From the axioms of foundation and replacement we can deduce the existence of an ordinal rank function, e.g.: $$\rank(x)=\sup\{\rank(y)+1\mid y\in x\}.^{[1]}$$

Fact: If $\alpha$ is an ordinal then $\rank(\alpha)=\alpha$.

Proof. We prove by induction, suppose it is true for all $\beta<\alpha$ then, $$\rank(\alpha)=\sup\{\rank(\beta)+1\mid\beta<\alpha\}=\sup\{\beta+1\mid\beta<\alpha\}=\alpha.$$

The first equality sign is the definition of the rank; the second follows from the induction hypothesis; and the last equality is vacuous in the case of zero, if $\alpha$ is a successor then $\alpha=\beta+1$ and the equality follows, and if $\alpha$ is a limit ordinal then the equality follows from the definition of a limit ordinal. $\square$

So suppose $\alpha=\rank(x)$ and $\beta=\rank(y)$ and $\gamma=\alpha+\beta+1$, we define $x'=x$ and $y'=\{\{\gamma,z\}\mid z\in y\}$. Then $y'$ is a set because of pairing and replacement (similar to Hagen von Eitzen's answer). Clearly $x$ and $x'$ have a bijection between them, and $y$ has a bijection with $y'$.

Let us see that $y'\cap x'=\varnothing$. All the elements of $x'$ have rank smaller than $\alpha$ by the definition of the rank function, while every element of $y'$ is of the form $\{\gamma,z\}$, where $\rank(z)<\beta<\gamma$. Therefore, $$\rank(\{\gamma,z\})=\max\{\gamma+1,\rank(z)+1\}=\gamma+1.$$

From this we have that if $z'\in y'$ then $\rank(z')>\rank(x')$ and therefore $z'\notin x'$, and if $z'\in x'$ then it is impossible that $z'\in y'$ as well.
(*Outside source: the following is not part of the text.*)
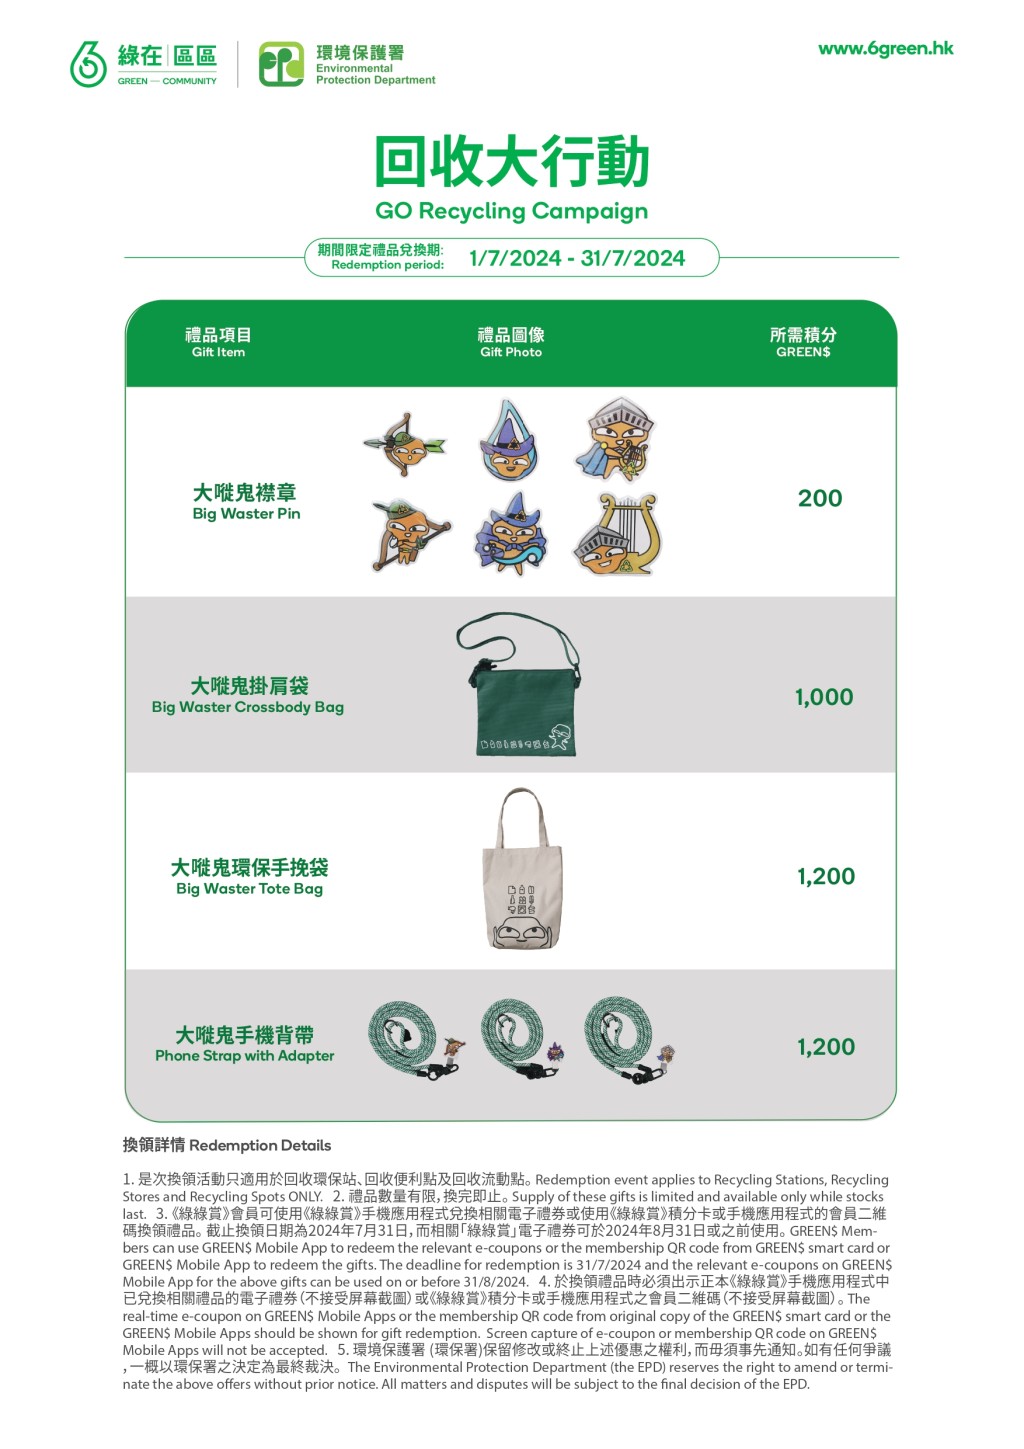 环保署在7月1日至31日推出以“大嘥鬼”为主题的期间限定礼品供市民换领。“香港减废网站”截图

So we have $x'\cap y'=\varnothing$ as wanted.


Footnotes:

  1. The $+1$ can be placed outside the $\sup$ itself, and I find it a philosophical question whether or not new data should be added at limit stages; I find myself sitting on the fence and leaning to either side depending on my mood.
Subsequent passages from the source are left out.